Mexico City, Mexico.-It all started in New York, United States. The year was 1946 and the publicist Julio Vega was in the famous city with his wife María de los Ángeles Santana, the famous Cuban actress, when they learned of a new discovery: television. Its impact was such that as soon as Vega returned to Havana he wanted to introduce it to the island.
Four years later, on October 24, 1950, television finally arrived in Cuba. With a remote control they transmitted from the Presidential Palace —now the Museum of the Cuban Revolution.
Eugenio Antonio Pedraza Ginori, better known as Yin, prestigious writer and program director for 30 years on Cuban TV, ensureeither that for this occasion Gaspar Pumarejo fitted out two sets, one of them in “the garden and took the name of Estudio al fresco. The television station began to operate with three cameras that rotated continuously through all the productions, whether they were in studios or outdoors. Among the first broadcasts were the baseball games from the Estadio del Cerro and some shows performed in rented theaters, which were combined with a small number of musical, humorous and commercial programs produced indoors.
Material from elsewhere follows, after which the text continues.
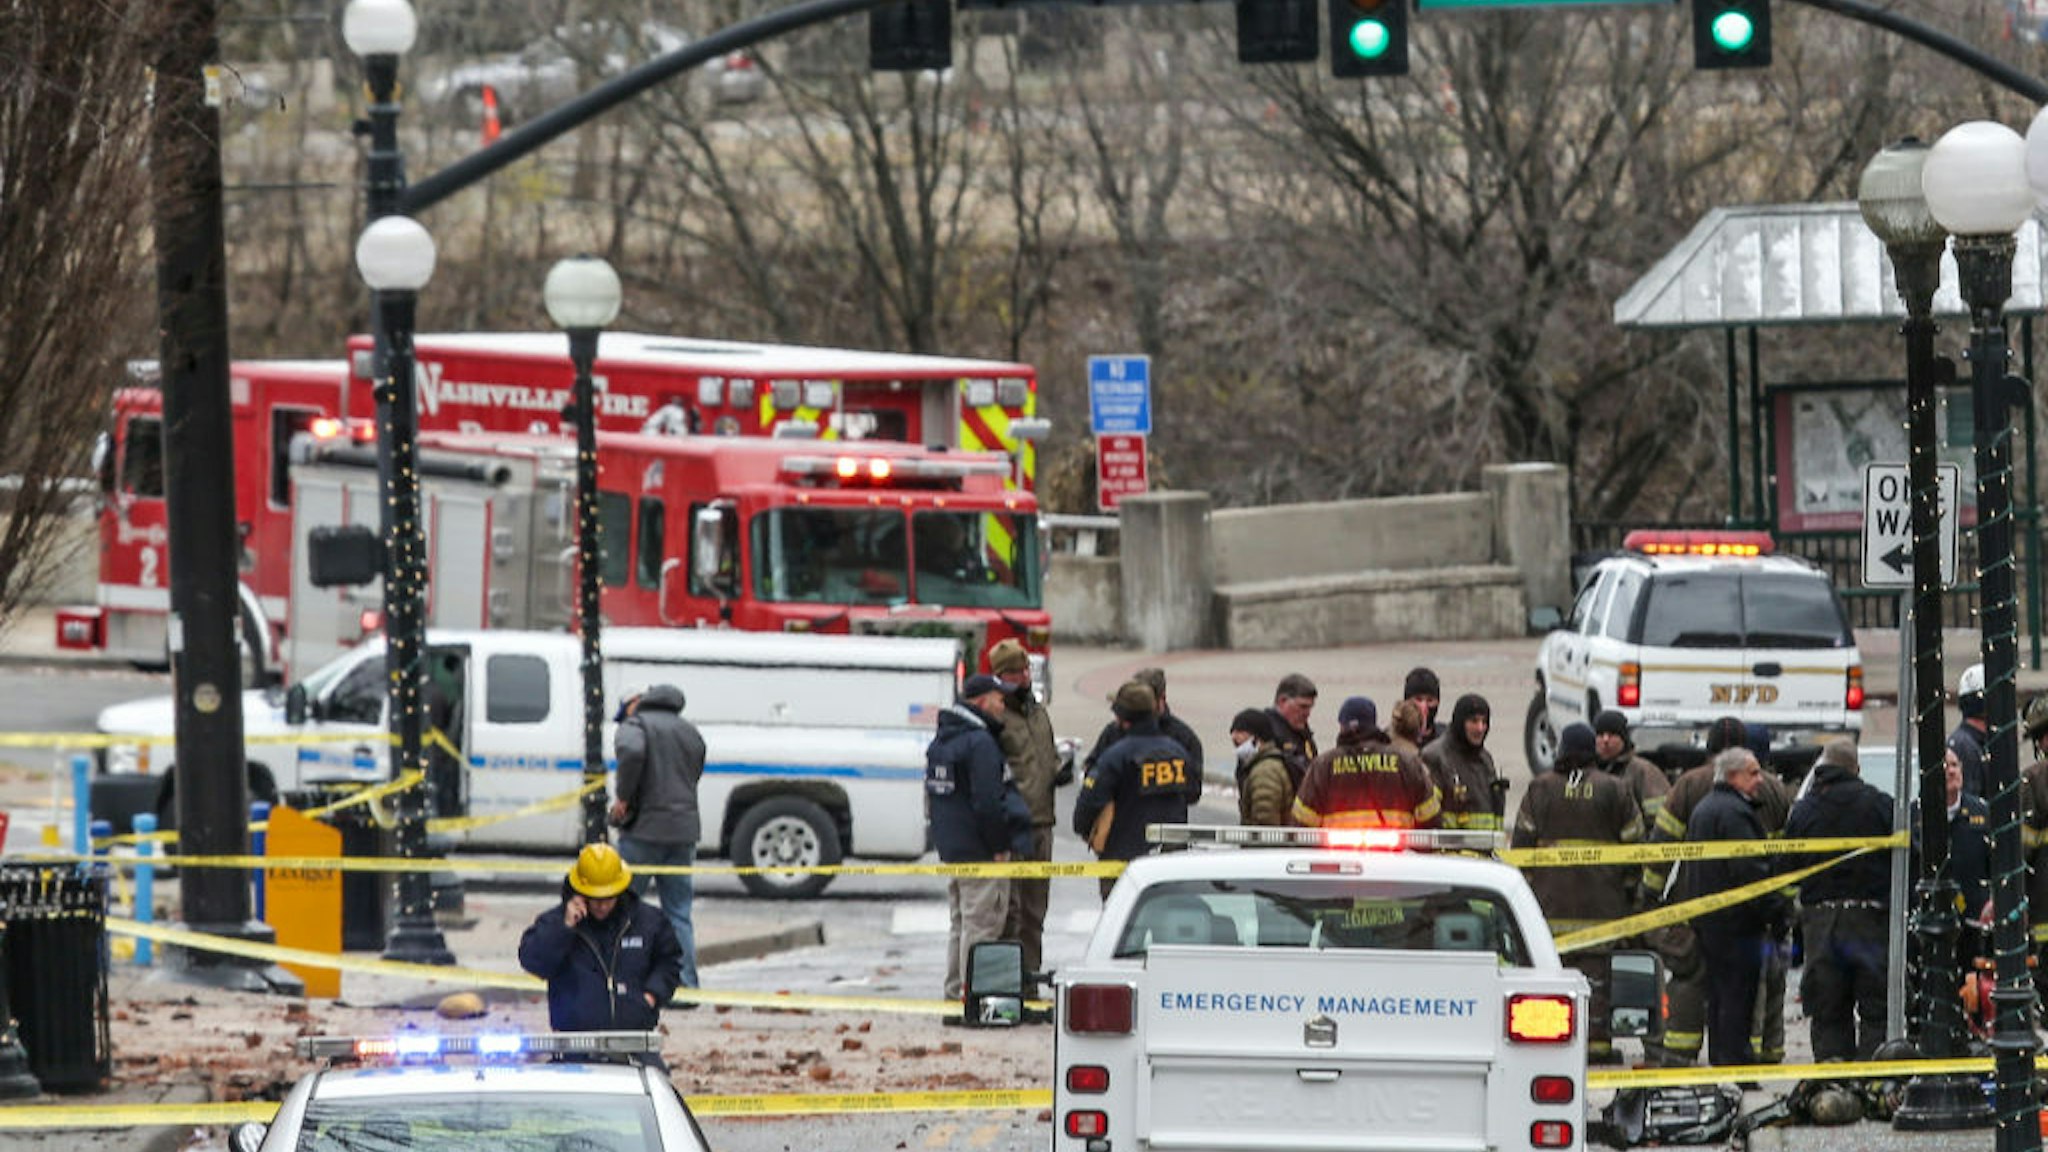 NASHVILLE, TN - DECEMBER 25: FBI and first responders work on the scene after an explosion on December 25, 2020 in Nashville, Tennessee. According to initial reports, a vehicle exploded downtown in the early morning hours

Thus, our country was the third in Latin America to have a television channel. Less than two months later, on December 18, the Goar brothers and Abel Mestre opened CMQ Television, Channel 6, the second available frequency. From then on, channels continued to emerge that competed with each other for the preference of the audience.
“On March 19, 1958, when Channel 12 was inaugurated, Pumarejo met a new challenge: to introduce color television on the Island. For this company, it received financing and official support from Fulgencio Batista, who was interested in boosting his competitors enemies, the Mestre brothers. As is known, although Pumarejo appeared as the owner of the new television station, the real owner was the then President. With the realization of this endeavor, Pumarejo once again got ahead of his tenacious and best-supported competitor, Goar Mestre. By the way, Cuba was the first country in Latin America, and the second in the world, after the United States, to introduce color television,” says the expert producer.
Although television began in Havana, little by little it spread. By 1952, of nine Latin American cities with television, five were Cuban.
At the triumph of the Cuban Revolution, there were almost 20 active television channels in the country. Later we already know what came: Cubavisión, Tele Rebelde and educational channels.